The other category of distinct genes in B. ovata involves those that are conserved across the apicomplexan species, except in B. bigemina (Additional file 1: Table S1). The associated symptoms are among the clear differences between B. ovata and B. bigemina, and these B. ovata-specific genes have the potential to explain such differences. For example, the anamorsin homolog (BOVATA_026810) belongs to this category. Human anamorsin is known to be involved in the suppression of apoptosis in hematopoietic cells [52, 53]. Hence, the homolog in B. ovata may also prevent the degradation of hematopoietic cells by the suppression of apoptosis. In contrast, upon B. bigemina infection, which lacks such a homolog, severe anemia might result. Mitochondrial import inner membrane translocase subunit (BOVATA_040550) and subtilisin-like protease (BOVATA_022090) also belong to the same category; however, associations among the genes and the differences in phenotype remain elusive.

Transcriptome of B. ovata

Based on RNAseq reads, we obtained transcript frequency data for B. ovata (Additional file 1: Table S1). Actin (BOVATA_041600) and ribosomal-related proteins (BOVATA_006170, BOVATA_029000, BOVATA_030990, and BOVATA_020930) were included in a group of highly transcribed genes, as expected. Some highly transcribed B. ovata-specific genes were also observed, like hypothetical protein (BOVATA_015540) and methyltetrahydrofolate-homocysteine methyltransferase (BOVATA_026400). These proteins could be potential targets as diagnostic antigens. Besides, highly transcribed putative merozoite surface glycoproteins (BOVATA_028710 and BOVATA_028720) might be potential targets as vaccines.
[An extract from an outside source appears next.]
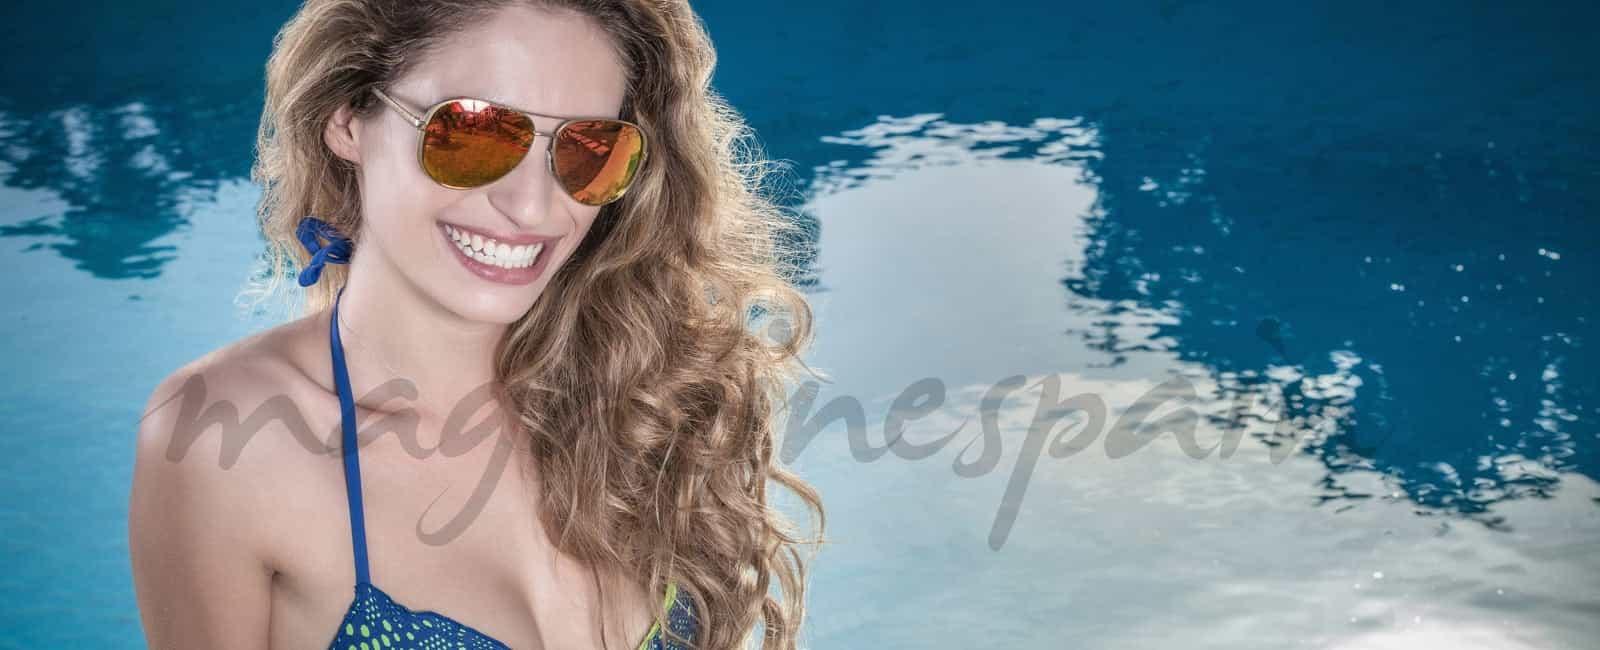 Protege tu pelo del sol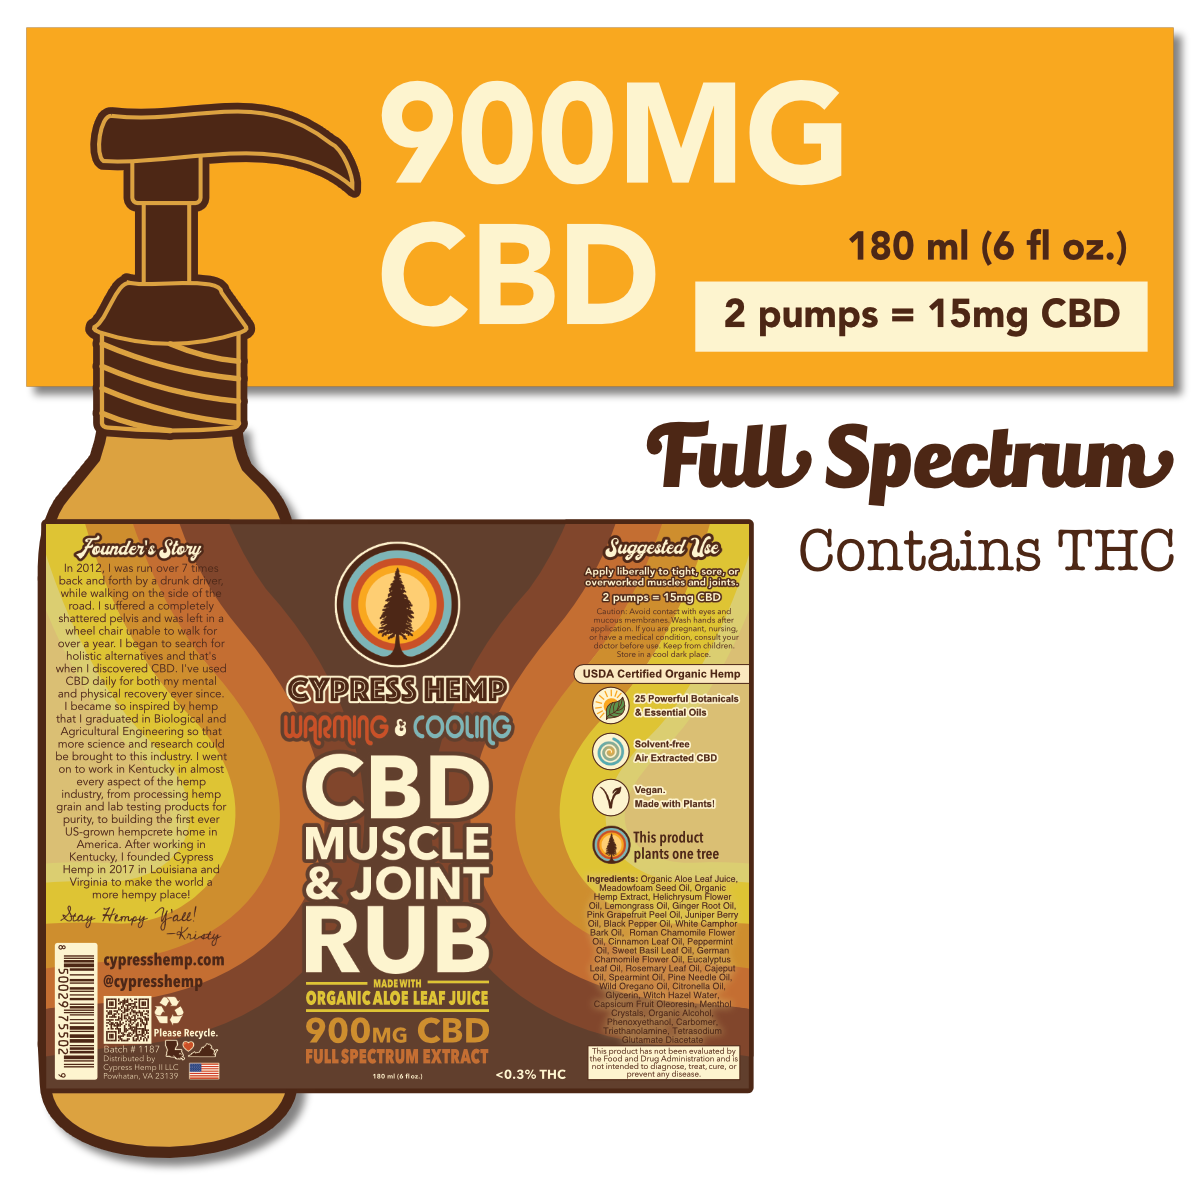 Cypress Hemp Full Spectrum 900mg CBD Muscle & Joint Rub

Additionally, BOVATA_021460, which has an ap2 domain most similar to that of Plasmodium AP2-G and is highly similar (87% amino acid identity over the entire sequence) to the B. bigemina AP2 gene (BBBOND_0104820), was highly transcribed. This implies a potential role of the gene in stage-specific transcription, as reported in other Plasmodium parasites [54, 55]. Future comparative transcriptomics in vivo and in vitro, with or without T. orientalis co-infection, and investigation of intermediate stages, such as acute and chronic infection in ticks, should provide a deeper understanding of babesiosis.

Conclusions

In this study, we succeeded in obtaining a nearly complete genome, established gene models, and conducted functional annotation by integrating three NGS platforms, MinION, PacBio RS II, and Miseq. We also developed hybrid gene model annotations with genomic and transcriptomic data. By performing comparative genome analysis, we found limited diversity in ves1b and B. ovata-specific expansion of ebh genes, together with a number of B. ovata-specific genes such as an anamorsin homolog, which is potentially involved in hematopoiesis in infected hosts. We suggest that the involvement of these genes in the unique phenotypes of B. ovata should not be overlooked, even though in the future, these candidates must be examined to verify our hypothesis, taking advantage of the available gene manipulation tools for this parasite [56].